David Jones (artist, poet).jpg
David Jones
Born Walter David Jones
(1895-11-01)1 November 1895
Brockley, Kent, England
Died Script error: The function "death_date_and_age" does not exist.
Harrow, England
Occupation Poet, artist, essayist, critic
Nationality British
Citizenship UK
Literary movement Modernism
Notable works In Parenthesis (poem), The Anathemata (poem)
Notable awards Order of the Companions of Honour

Walter David Jones CH, CBE (1 November 1895 – 28 October 1974) was a painter and modernist poet of partly Welsh background. As a painter he worked mainly in watercolour on portraits and animal, landscape, legendary and religious subjects.

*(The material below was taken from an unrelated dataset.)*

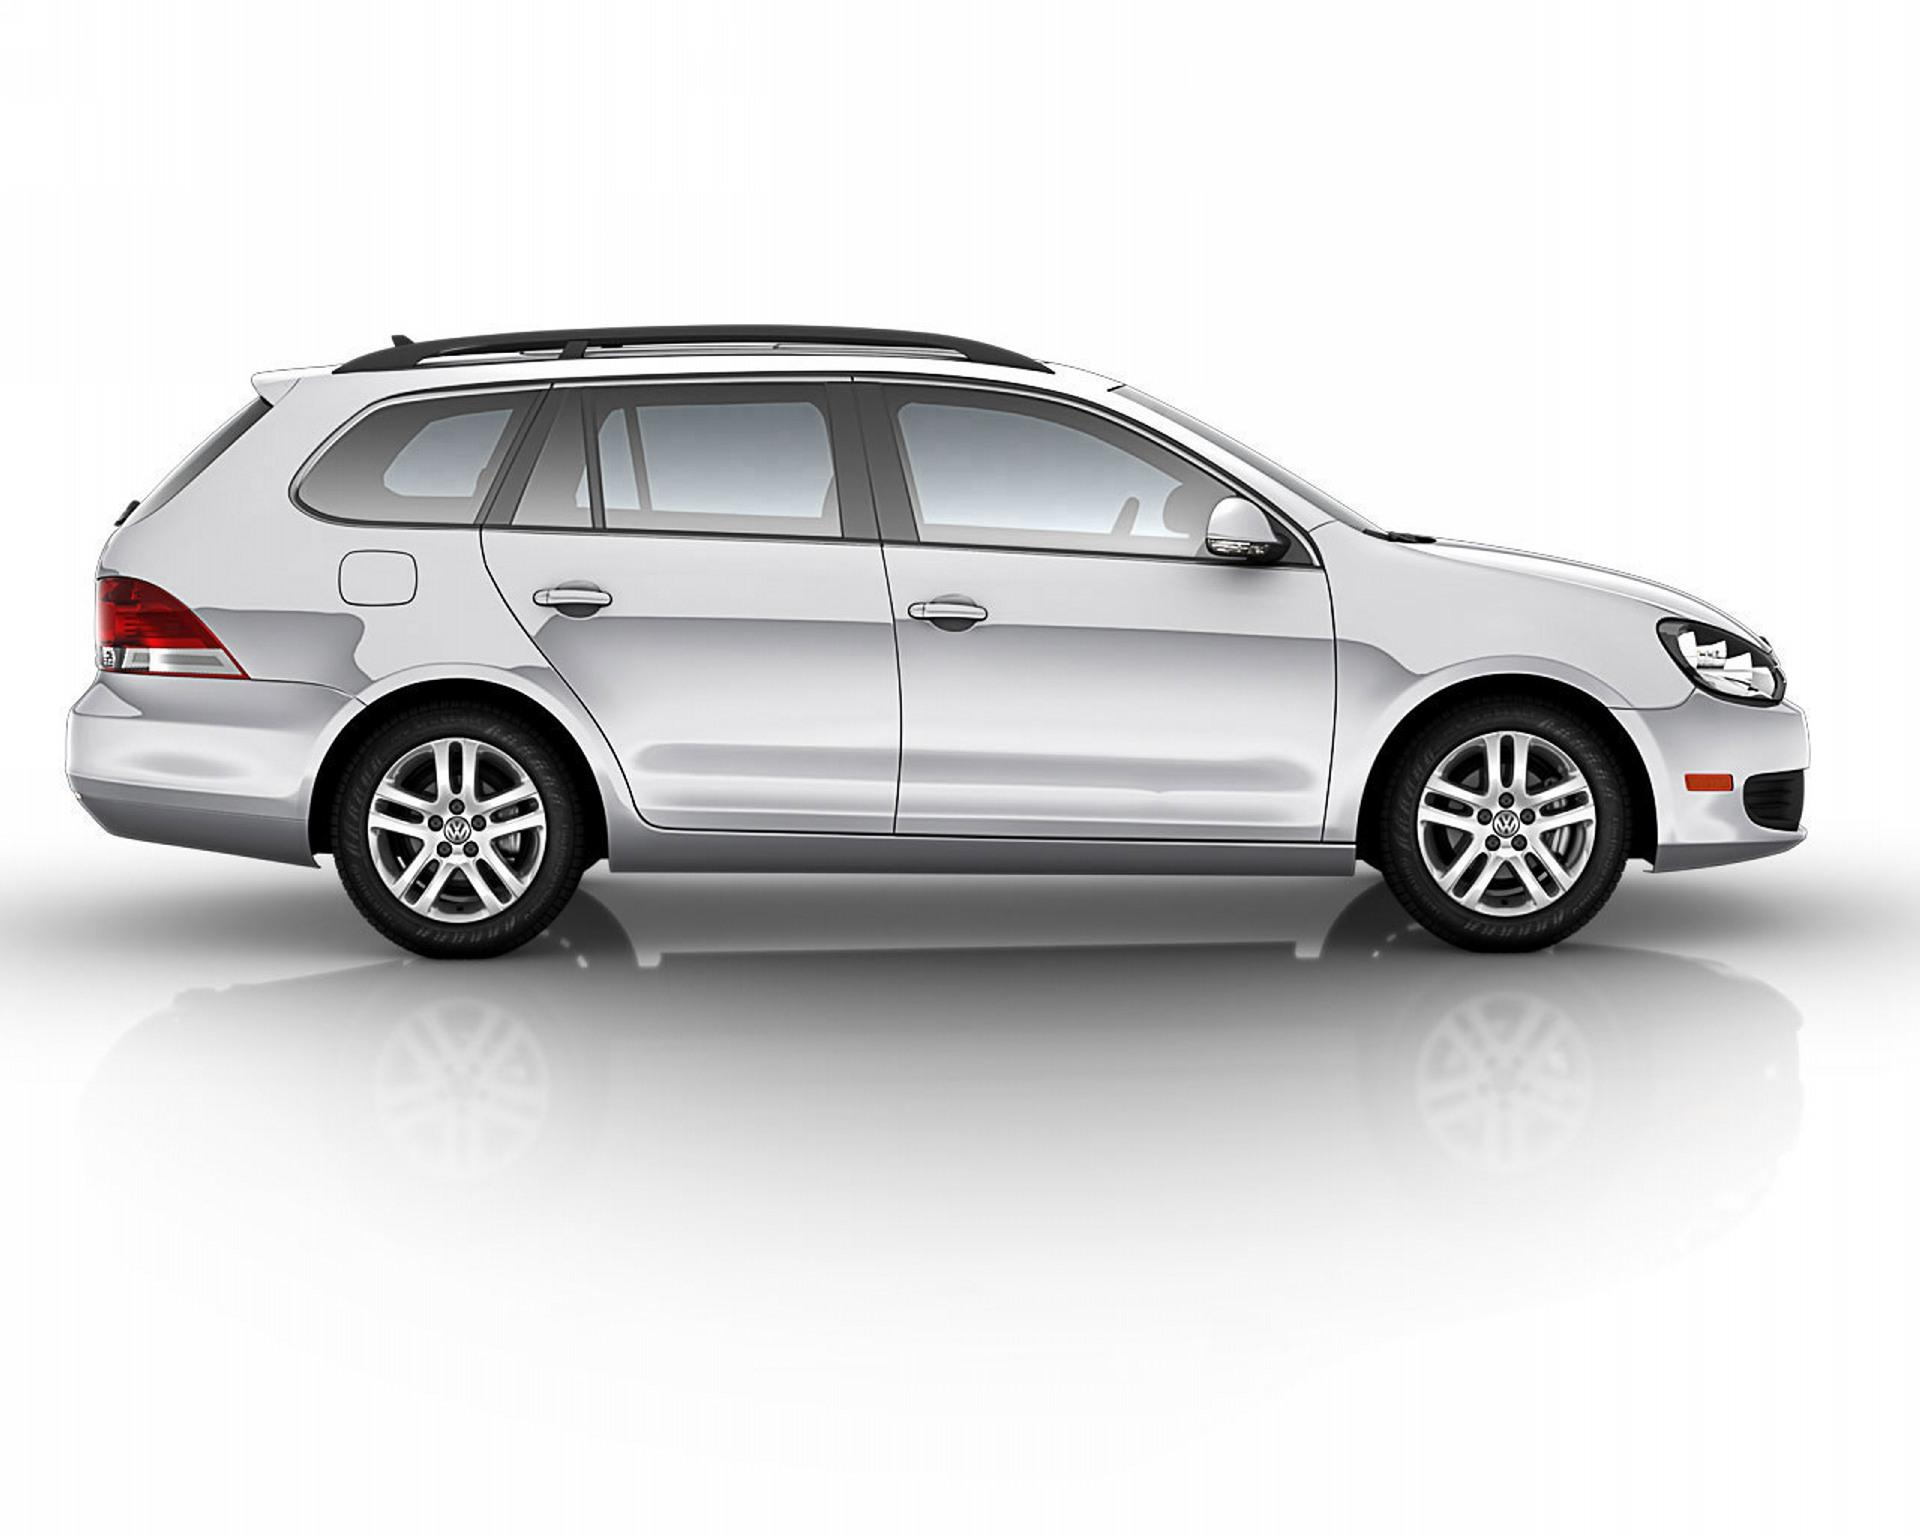 2011 Volkswagen Jetta News And Information Conceptcarz Com

He was also a wood-engraver and inscription painter. In 1965, Kenneth Clark took him to be the best living British painter, while both T. S. Eliot and W. H. Auden put his poetry among the best written in their century.[1] Jones's work gains form from his Christian faith and Welsh heritage.

Biography

Early life

Jones was born at Arabin Road, Brockley, Kent, now a suburb of South East London, and later lived in nearby Howson Road. His father, James Jones, was born in Flintshire in north Wales, to a Welsh-speaking family, but he was discouraged from speaking Welsh by his father, who believed that habitual use of the language might hold his child back in a career. James Jones moved to London to work as a printer's overseer for the Christian Herald Press. He met and married Alice Bradshaw, a Londoner, and they had three children: Harold, who died at 21 of tuberculosis, Alice and David.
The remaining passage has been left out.